Avant d'aller plus loin, une question : les surdoués sont ils différents des autres en la matière ? Je n'en sais à vrai dire rien. Là, de la théorie en roue libre je passe aux conjectures basées principalement sur mes lectures ici. Il me semble que oui ce peut être différent. Voici pourquoi.

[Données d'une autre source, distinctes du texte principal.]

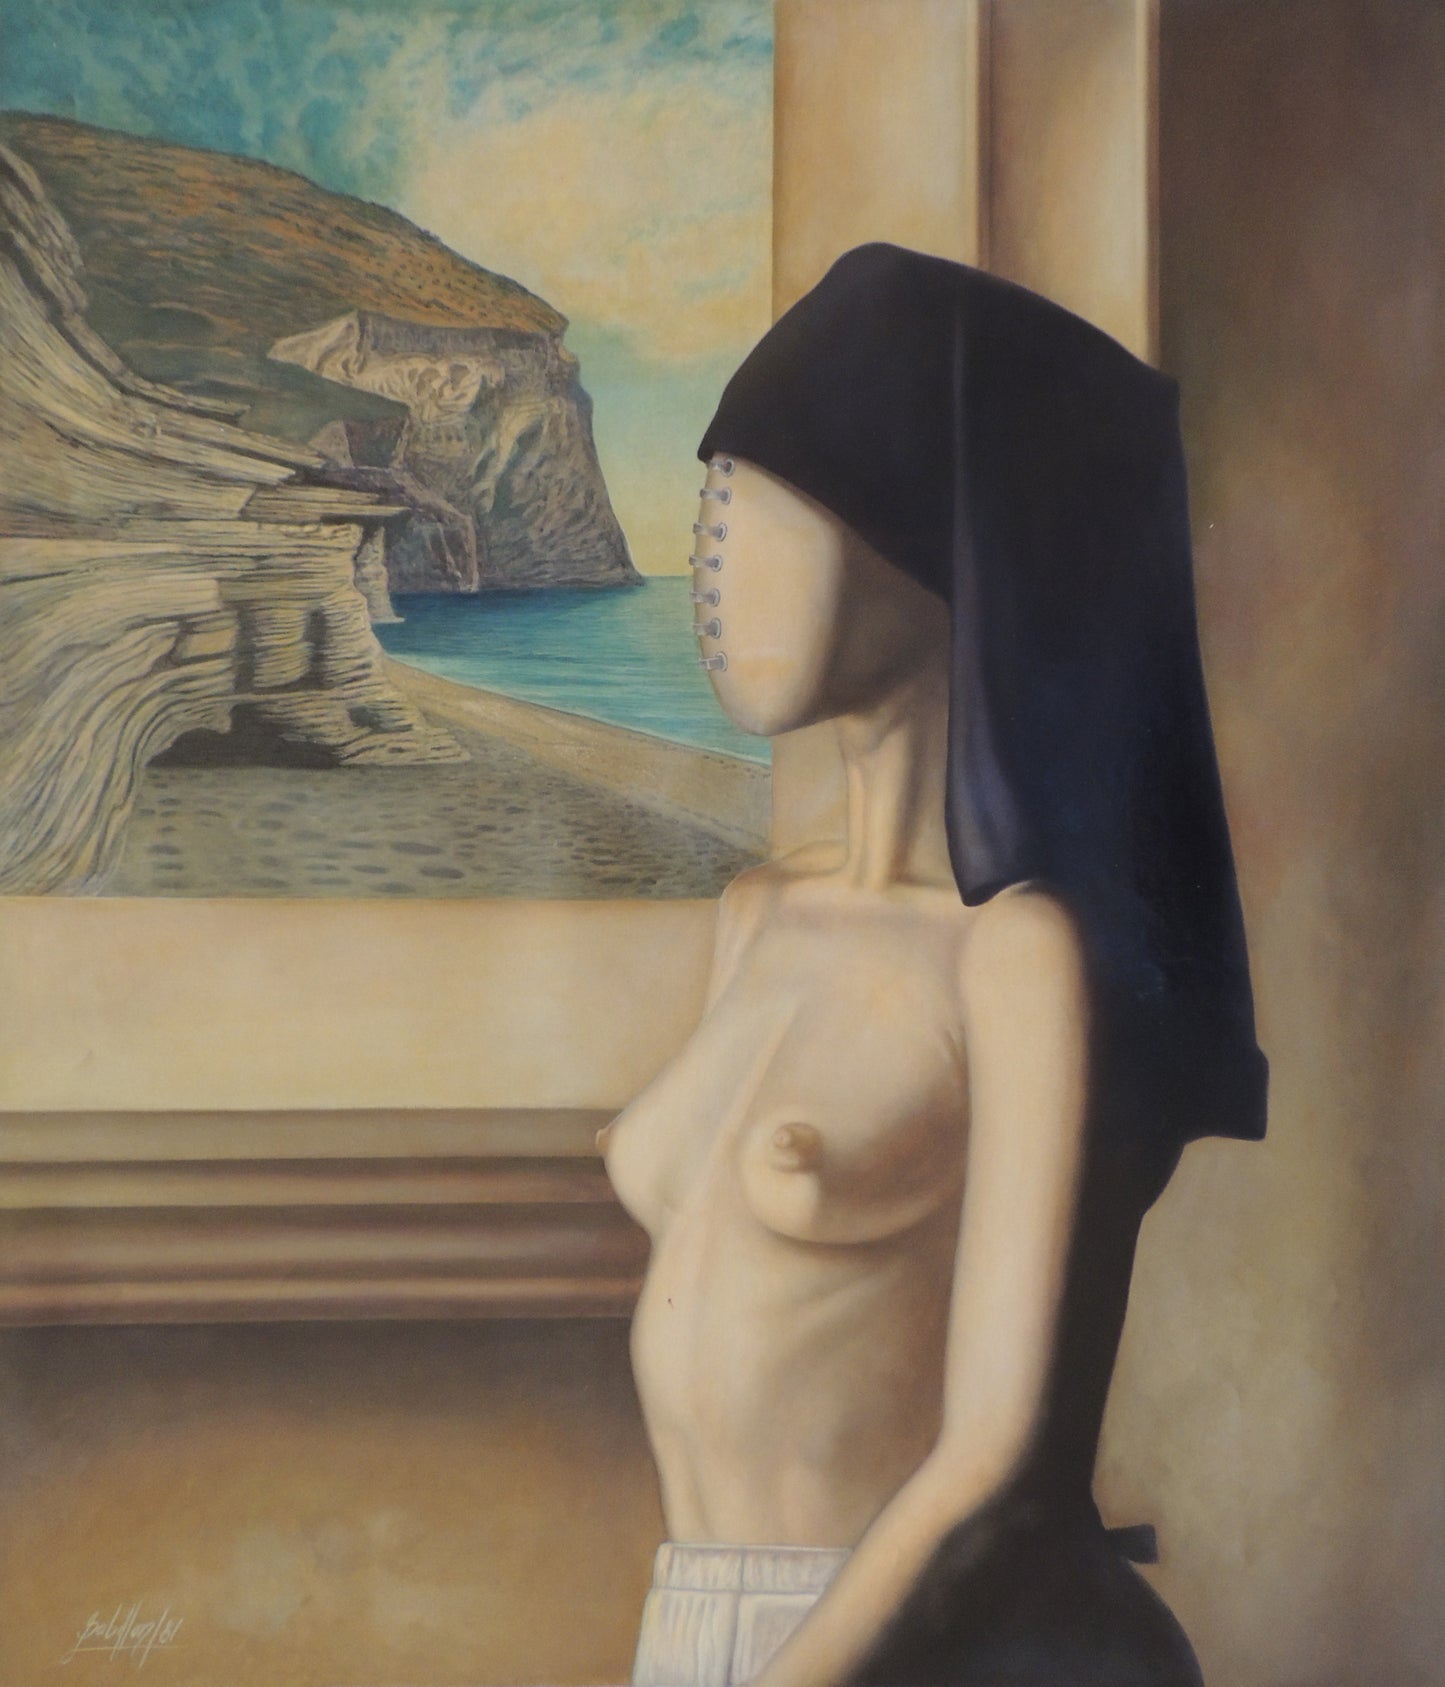 Gregorio Sabillon retrato monja desnuda Gaudifond

Beaucoup de surdoués sont apparemment hyperexcitables, donc déjà plus sensibles à ce stress (donc ici plus exposés) mais aussi plus réactifs (donc ici plus sujets aux effets secondaires). Par ailleurs, avec une capacité accrue a traiter les informations, les portes sont facilement ouvertes pour écouter tout en même temps. Et pour finir, avec semble t'il une meilleur tolérance et une meilleure résilience, la réaction de protection et de rejet peut arriver trop tard (quelqu'un de moins tolérant interromprait une situation aussi inconfortable bien plus tôt, que ce soit de sa propre volonté ou par une somatisation ou tout autre mécanisme de défense conscient, inconscient ou réflexe).
Ca fait tout de même une sacré différence entre un professeur qui va juste entendre un brouhaha informe et un autre qui va entendre quasi distinctement des dizaines de personnes en même temps avec leurs demandes, leurs émotions, leurs interactions. Les deux auront une fatigue auditive et un état de vigilance accrue. Mais l'état de vigilance ne sera pas le même et la réaction à celui-ci pas la même non plus. Celui qui fait de ces informations un brouhaha va au bout d'un moment automatiquement l'ignorer (comme on ignore le bruit d'une fontaine) et ainsi rabaisser son niveau de vigilance qui ne reviendra pas à zéro bien sur (et heureusement ! il n'est pas souhaitable que le professeur oublie ses élèves) mais baissera suffisamment pour se ménager et pouvoir réagir à nouveau efficacement à une nouvelle alerte. L'autre va rester en état de vigilance élevé tant que la situation n'aura pas cessé, s'épuiser à percevoir et analyser les détails et être moins apte à augmenter son niveau d'alerte en cas de changement plus général, parce que premièrement il sera moins réceptif à des changements plus généraux (absence de filtre passe bas, potentiellement compensé par la douance ceci dit) et deuxièmement son niveau d'alerte étant déjà haut, il ne pourra plus l'augmenter (à part passer en panique).
Tout ça sans compter les autres effets d'une exposition à autant d'affects etc. Et sans compter également les capacités de sur-réaction d'un hyperexitable, allant de l'hyper-tension-musculaire à la crise d'angoisse en passant par toutes sortes de somatisations. Je sais, j'ai testé.
Bref selon moi, de fortes chances et de nombreuses raisons pour que les surdoués soient touchés différemment de la norme. Même si là encore il y a de fortes variétés possible, le simple fait de pouvoir traiter plus d'informations simultanément, fait que l'exposition à ce type d'environnement ne produira pas les mêmes effets.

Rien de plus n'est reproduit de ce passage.